My ears have regained their ability to hear now that a decent interval has passed since the visiting Target Demo shrieked her rage at ''My Humps'' winning an award. So here are the notes on the night.
Things I liked: Jack Black's deliberately fouled-up opening (although I was surprised at the lack of a censoring lip-flap on him in the elevator). ... Diddy's suit. ... That Justin Timberlake is not K-Fed; he can sing and has better fashion sense. ... The Raconteurs generally, but especially with Lou Reed. (But how many of the people watching actually know ''White Light /White Heat''?). ... OK Go live. ... T.I. ... Beyonce's camel coat. ... All-American Rejects' merry (if fueled) attitude at winning. ... Snoop demonstrating once again that he is the Dean Martin of modern music. ... Jack Black's linking Paris Hilton to ''independent film.'' ... Kanye West's tribute to Hype Williams. .. The way the Moon Man awards broke (more than once, I think) ... The Killers ... Sarah Silverman! Sarah Silverman!
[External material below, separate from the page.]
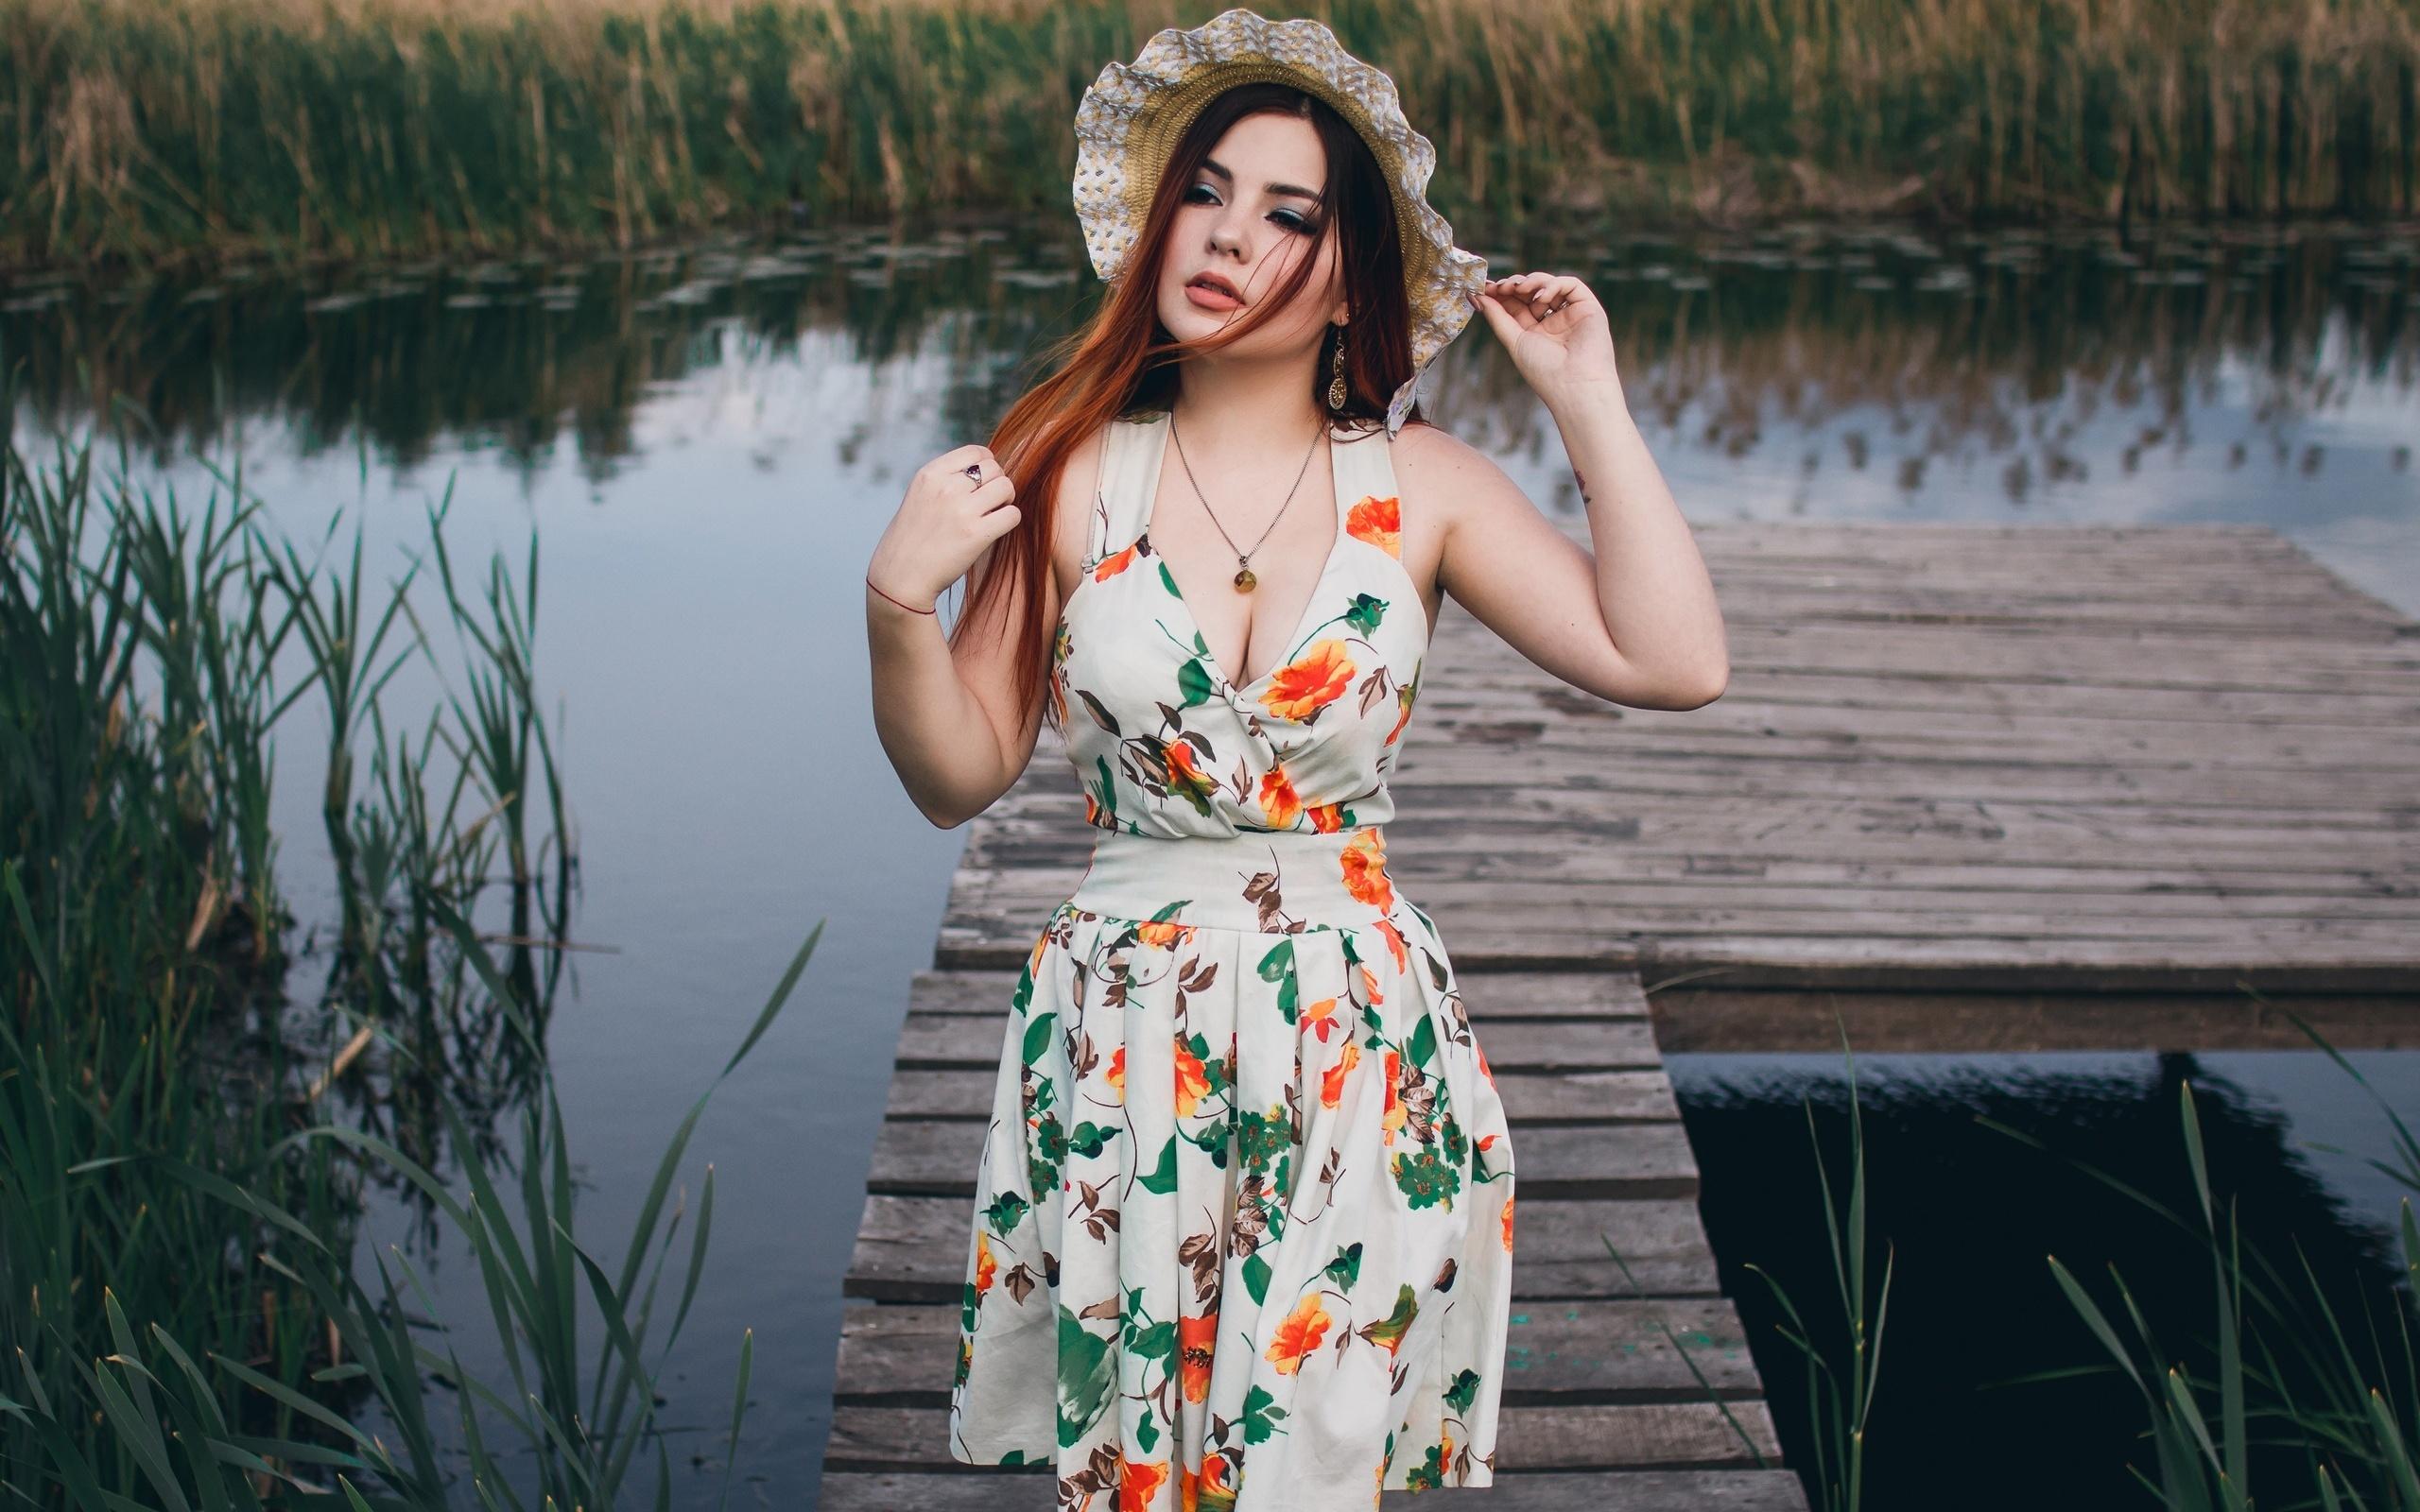 речка, лето, девушка, фотограф, алексей поликутин

Things that have not delighted: That point when Beyonce appeared to be blending Pat Benatar in ''Love Is a Battlefield'' with early Janet Jackson (although the moves got better later). ... Pink's ''I totally won'' acceptance speech -- and her irked look when she won; I was wondering if her acceptance was a satirical commentary on ''Stupid Girls'' or just stupid. I voted for stupid. ... Most of the rest of Jack Black's work. ... John Norris's ''Hey, I'm Young and Semi-Hip'' hair; when Clay Aiken changed his look, did John decide Clay's old one was available? ... Jessica Simpson's wobbly appearance. I wondered if she was drunk or stupid (although she avoided the eternal ''Animal House'' trifecta). I voted for stupid. ... Jared Leto; he could have conquered the world after ''My So-Called Life'' and has opted instead to be, well, thin. ... Britney and Kevin's bit .... Al Gore's slide show, especially since the telecast didn't show the pictures well ... The chicken, long-distance shots of the Jackass guys live; if you invite them on the air, you should be prepared to put what they do in the show ... Axl Rose looking like Conan O'Brien playing Axl Rose ... Paris Hilton's hair bump. ... MTV's hyping the online stuff ... That the VMAs are still an awards show and have to fill time with nominees' names and acceptance speeches that for the most part aren't very interesting.